▶ **ACTIVITY**
Write out word for word each line from the one containing "monogrammed baseball cap pink" through the close of the listing, including both ends. Pictures do not belong in the copy.

▶ **GIVEN INFORMATION**
<<<<

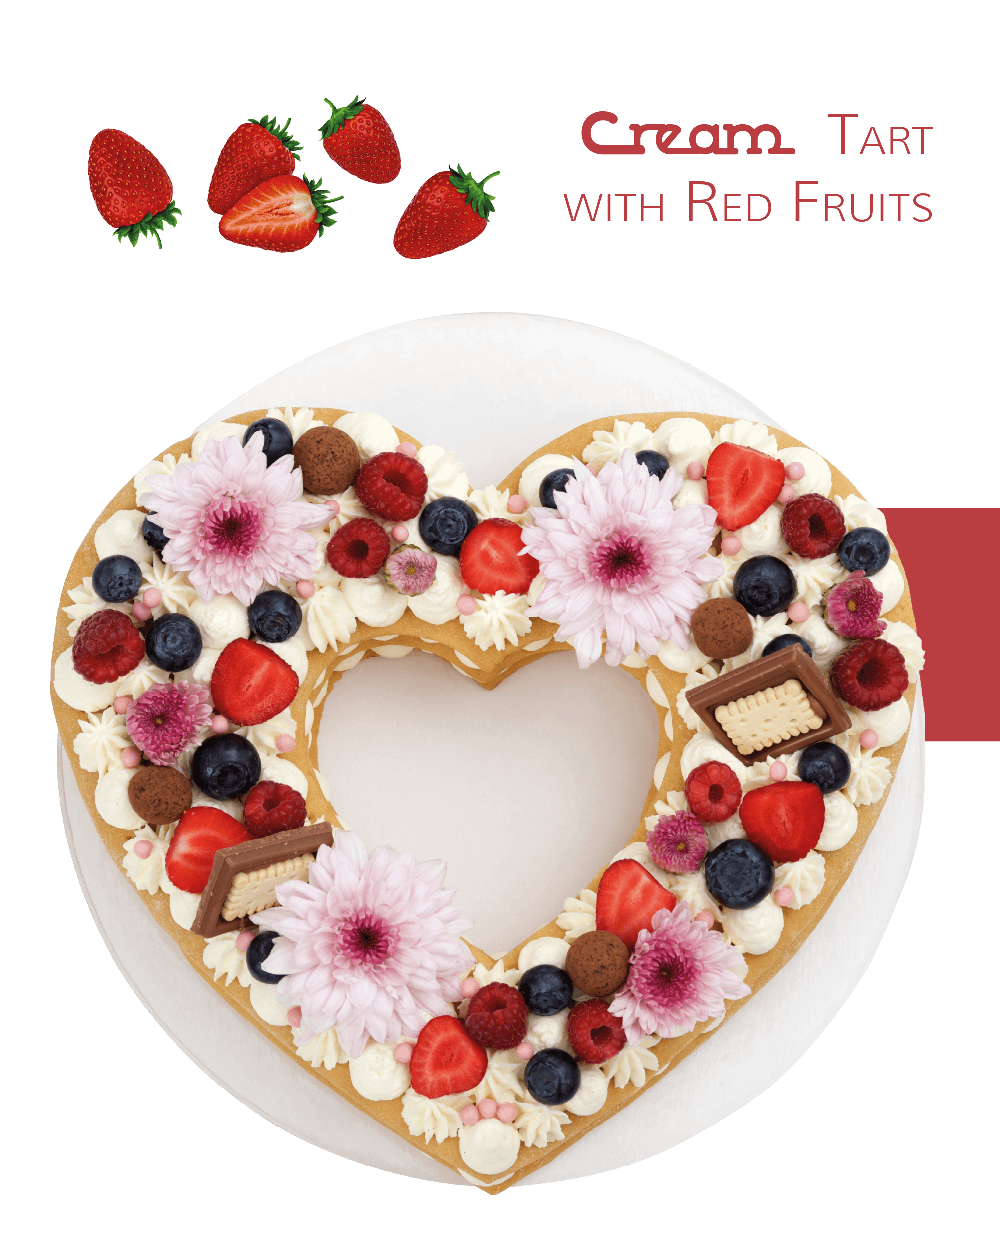 CAKE-DESIGN-CREAM-TART-WITH-RED-FRUITS-responsive
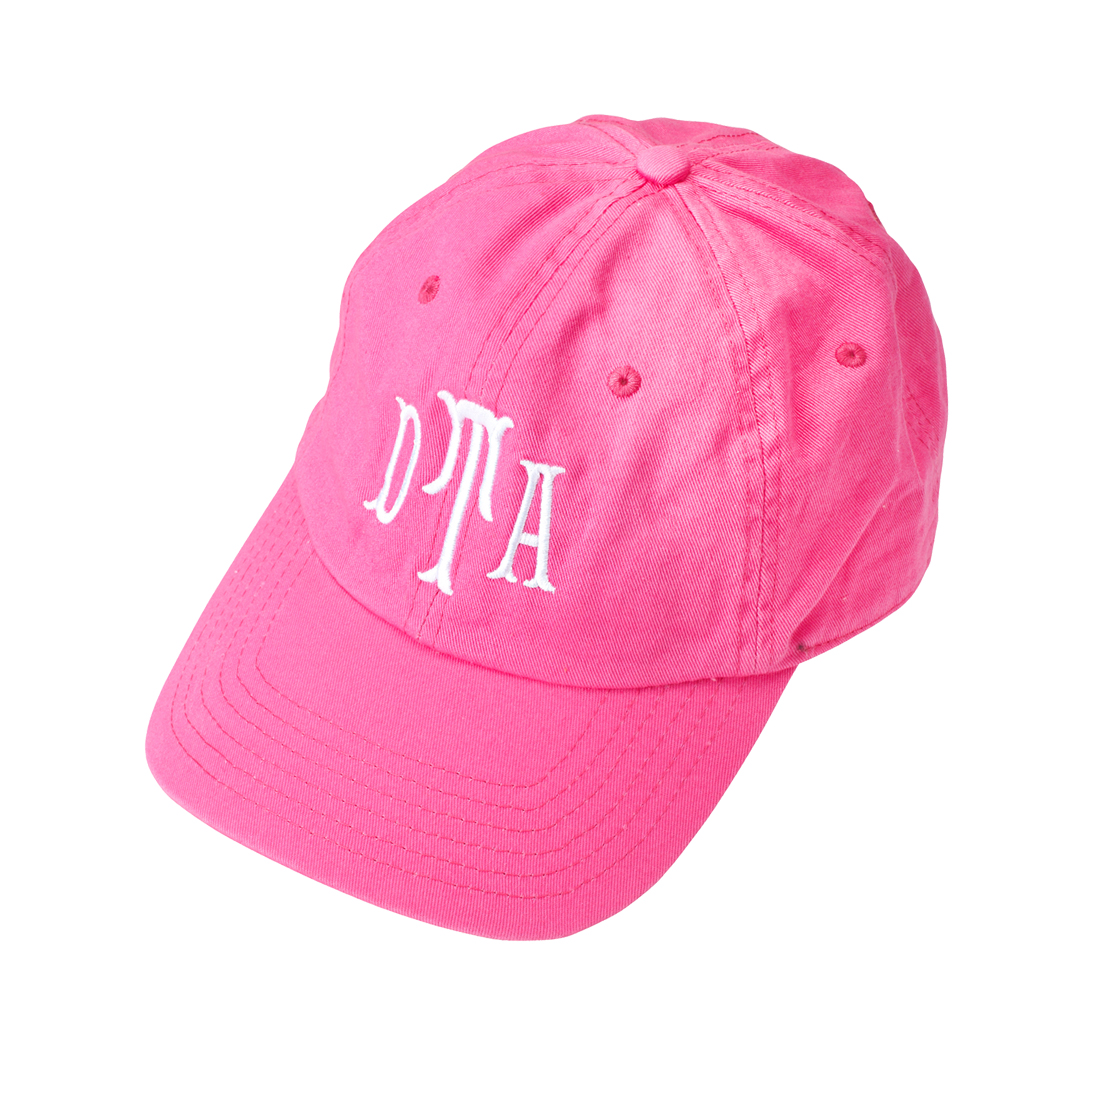 monogrammed baseball cap pink
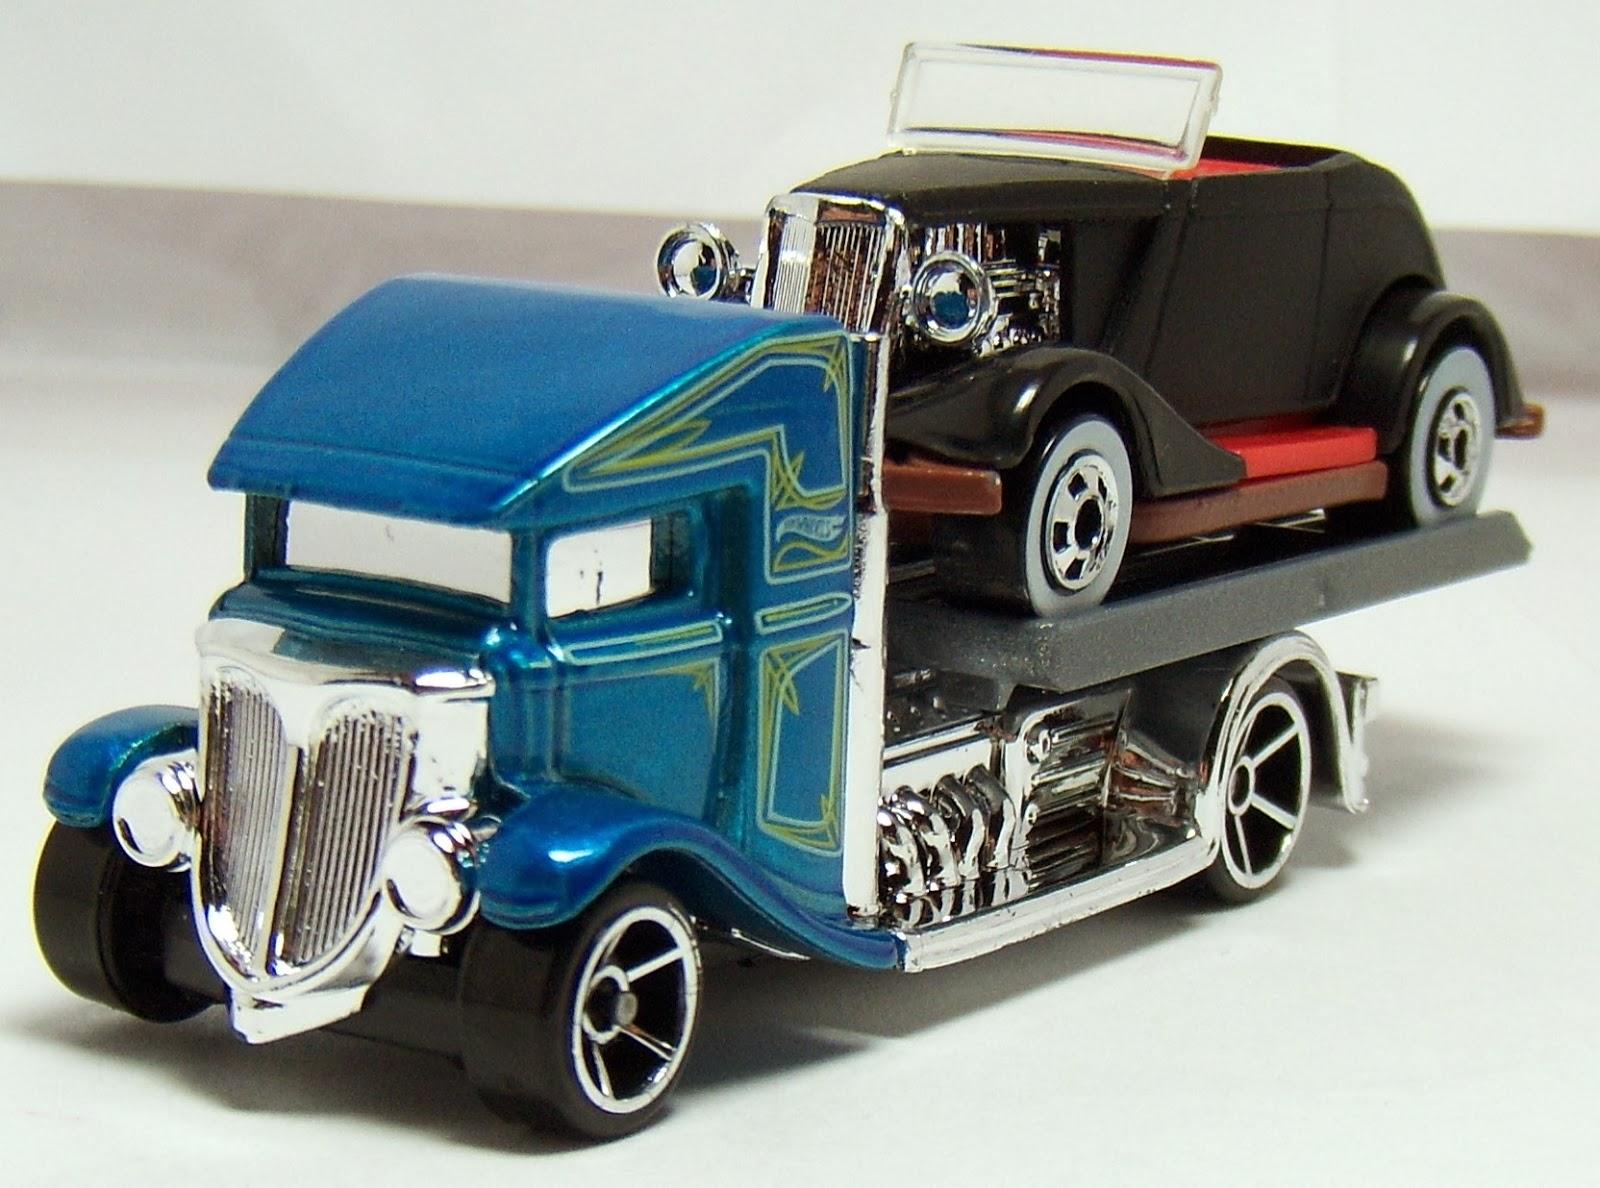 Flatbed haulers part 1 hot wheels fast bed hauler cabbin fever and matchbox flatbed truck s
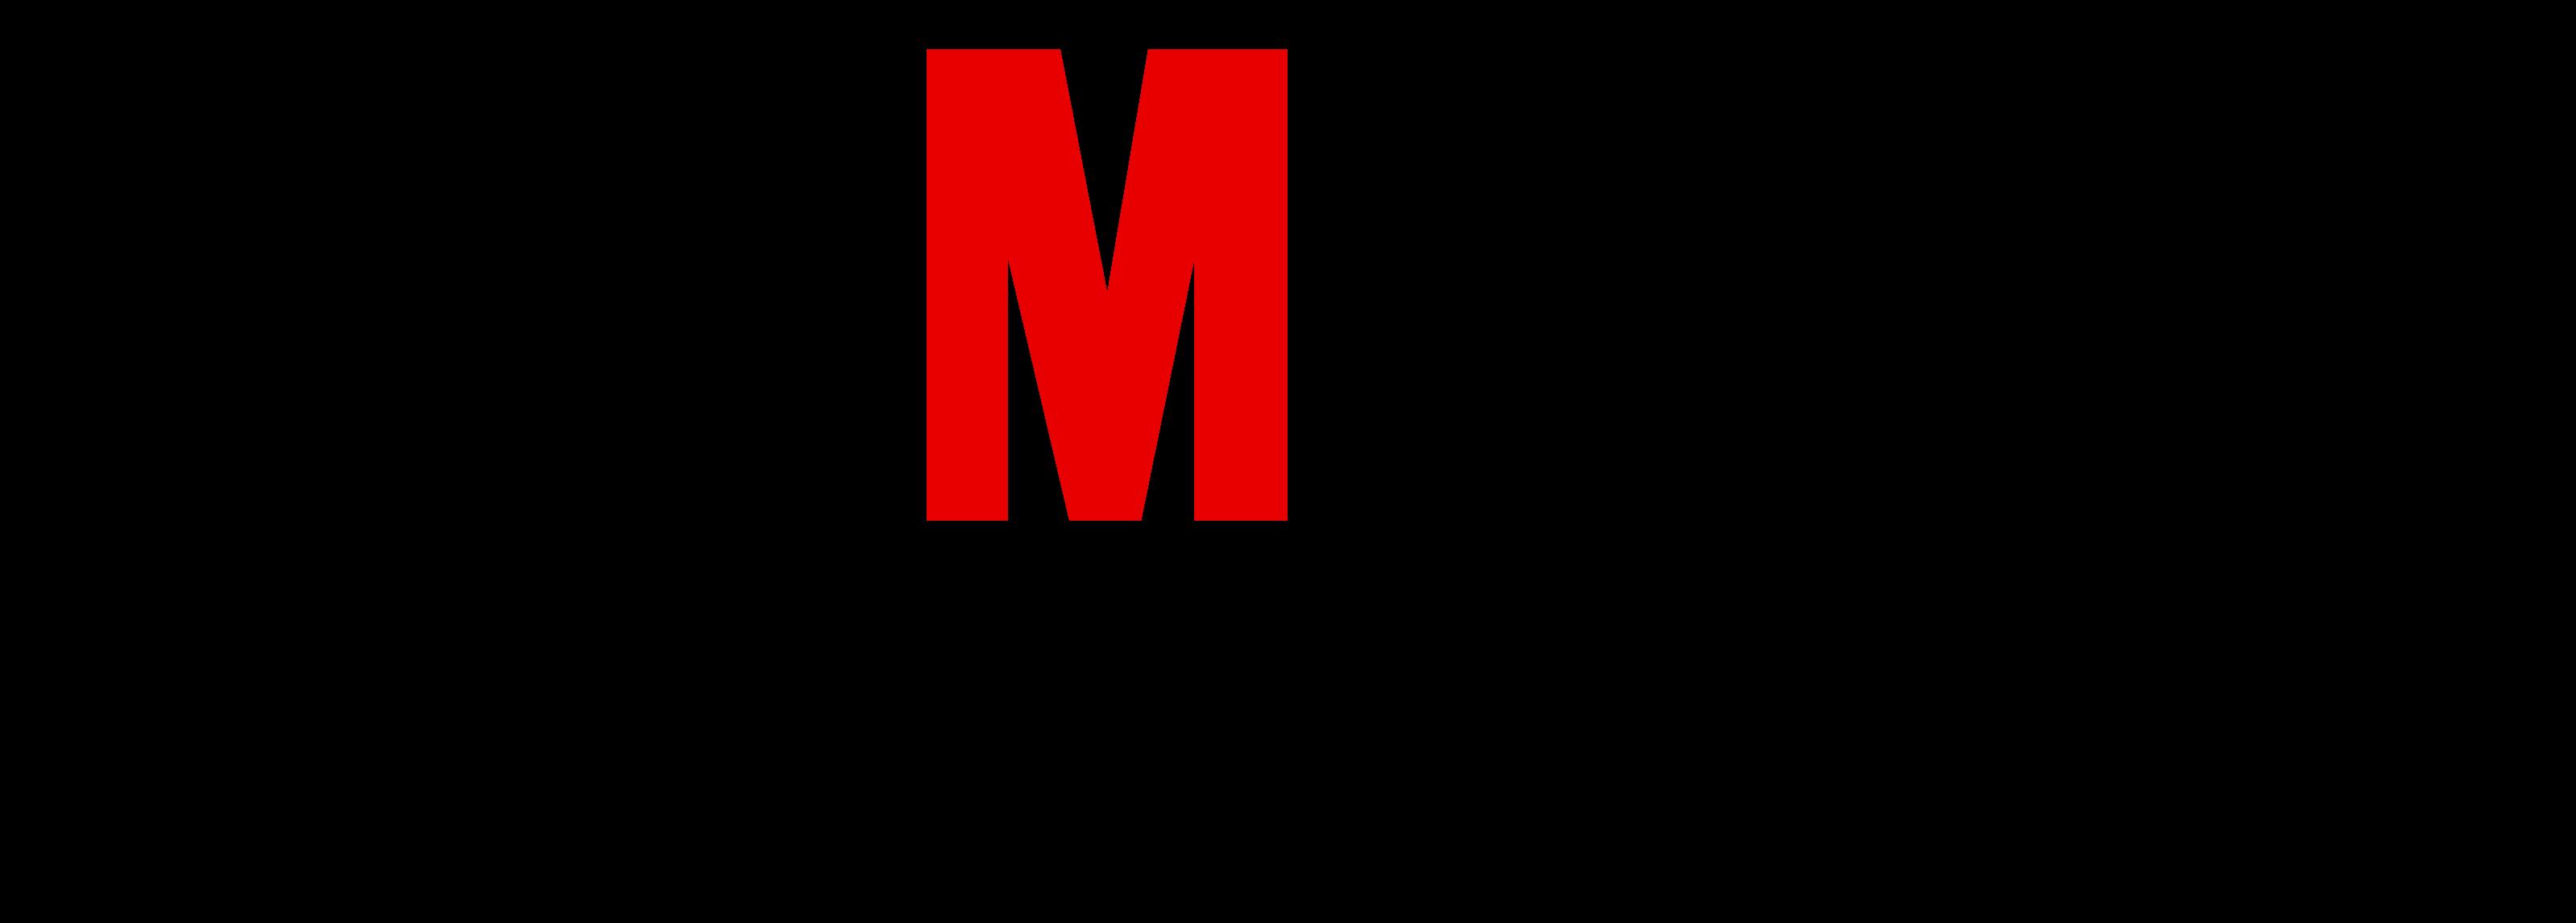 MRACE

>>>>

▶ **RESULT**
 monogrammed baseball cap pink
 Flatbed haulers part 1 hot wheels fast bed hauler cabbin fever and matchbox flatbed truck s
 MRACE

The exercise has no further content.